Tears of joy as six-year-old boy meets bone marrow donor in Bengaluru
By Express News Service | Published: 19th May 2017 04:51 AM |
BENGALURU: Six-year-old Fateh Singh from Amritsar couldn’t contain his joy on meeting his newfound friend, 27-year-old Naval Chaudhary, a manager at a city bank, here on Thursday. Naval had donated his bone marrow to Fateh a year ago, becoming the first unrelated bone marrow donor in India.
Fateh was diagnosed with Thalassemia major when he was a little more than a year old. Dr Sunil Bhat, paediatric haemato-oncologist at Mazumdar Shaw Cancer Centre, Narayana Health, said, “Fateh’s body produced excess antibodies. Hence, the blood would self-destroy. He passed red urine. The blood from transfusions wouldn’t last too long.”
“Now that this young man has become the first unrelated bone marrow donor, we hope more people would come forward. Four other bone marrow harvests have been done by the same registry so far,” he said.

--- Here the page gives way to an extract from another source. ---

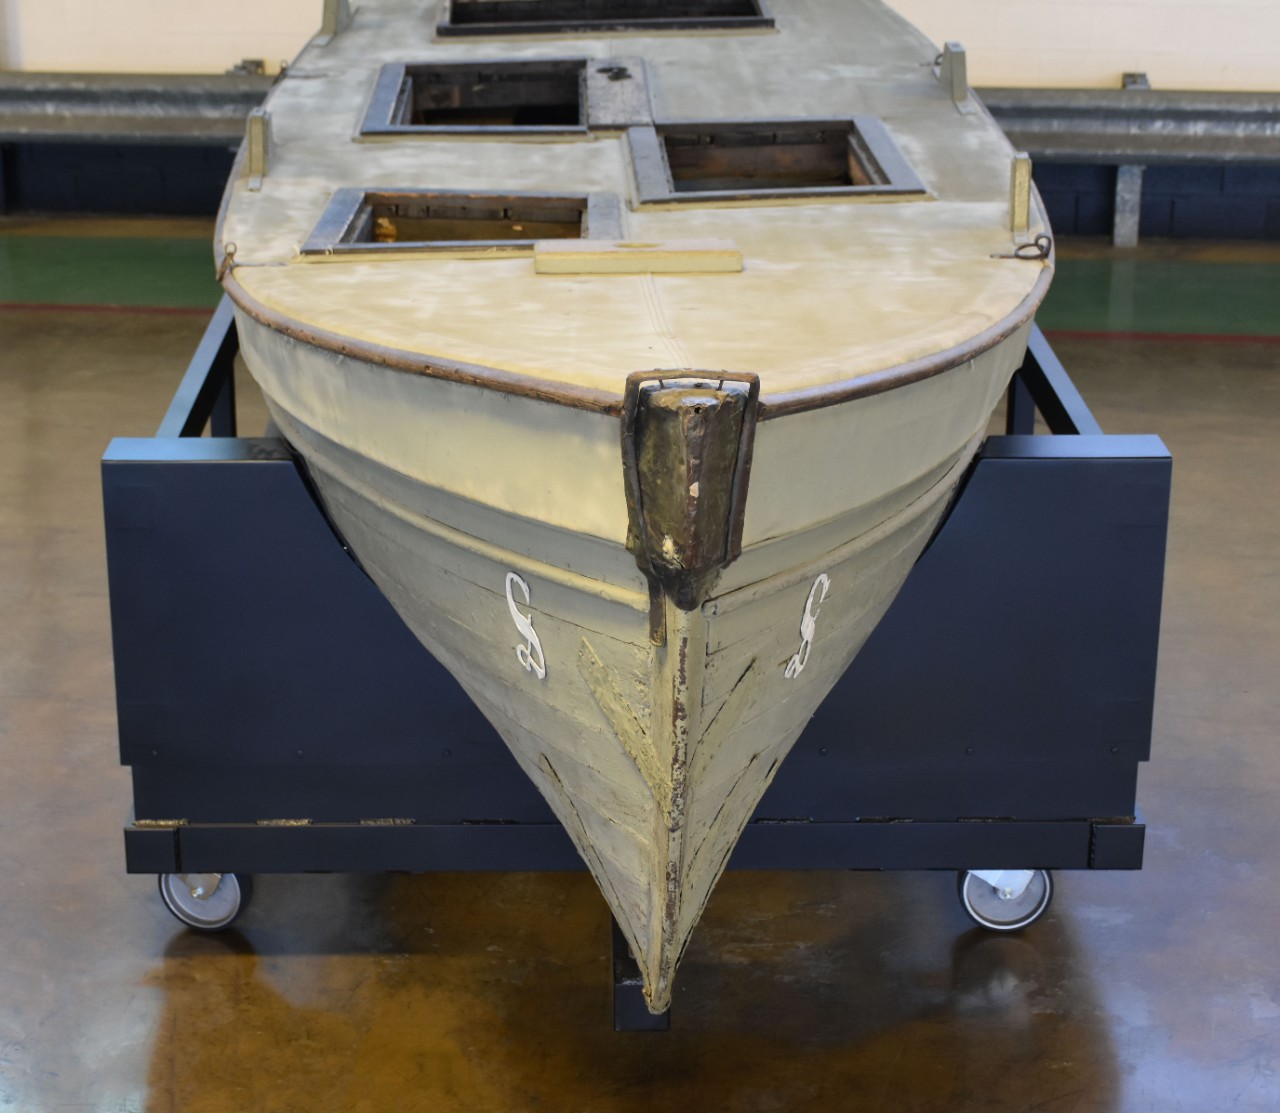 Bow view of small boat. White S painted on both sides of bow beam.

Only 27,000 potential blood stem cell donors are registered with DATRI registry in the state. Naval had registered himself with it in 2014 during a campaign that they undertook in the bank.
A teary Harpreet Kaur (38), Fateh’s mother, told Express, “He needed blood transfusions 10 times a day. We never thought he would require bone marrow. His sister, I and my husband were tested and we were no match. Naval is a godsend.”
Harvinder Singh, Fateh’s father, said, “His blood type was extremely hard to get. We would travel from Chandigarh to Amritsar at night, get the matching done and get the transfusion.”
A modest Naval said, “I researched on bone marrow harvest. I did have a month’s discomfort in my back after the harvest, but the satisfaction of giving life to a little boy is greater. Also, an unrelated donor is never a match, but I was a match for Fateh.”
Ten members of Fateh’s family had come down for the meeting between Fateh and Naval. They wanted to personally thank him. “Now we are a family. I’m happy to have helped. My family and colleagues have been very supportive,” he said.
As per the registry protocol, the identity of donors and recipients is kept anonymous for a year. Now three members of Fateh’s family have registered with DATRI and will become voluntary donors if a match is found.
For non-malignant conditions such as Thalassemia, a patient will respond to transplant when the donated cells are harvested from the donor’s marrow. The probability of finding a blood stem cell donor is between 1 in 10,000 and 1 in over a million. If a match is found, that donor is probably the only person who can save the patient, Bhat said.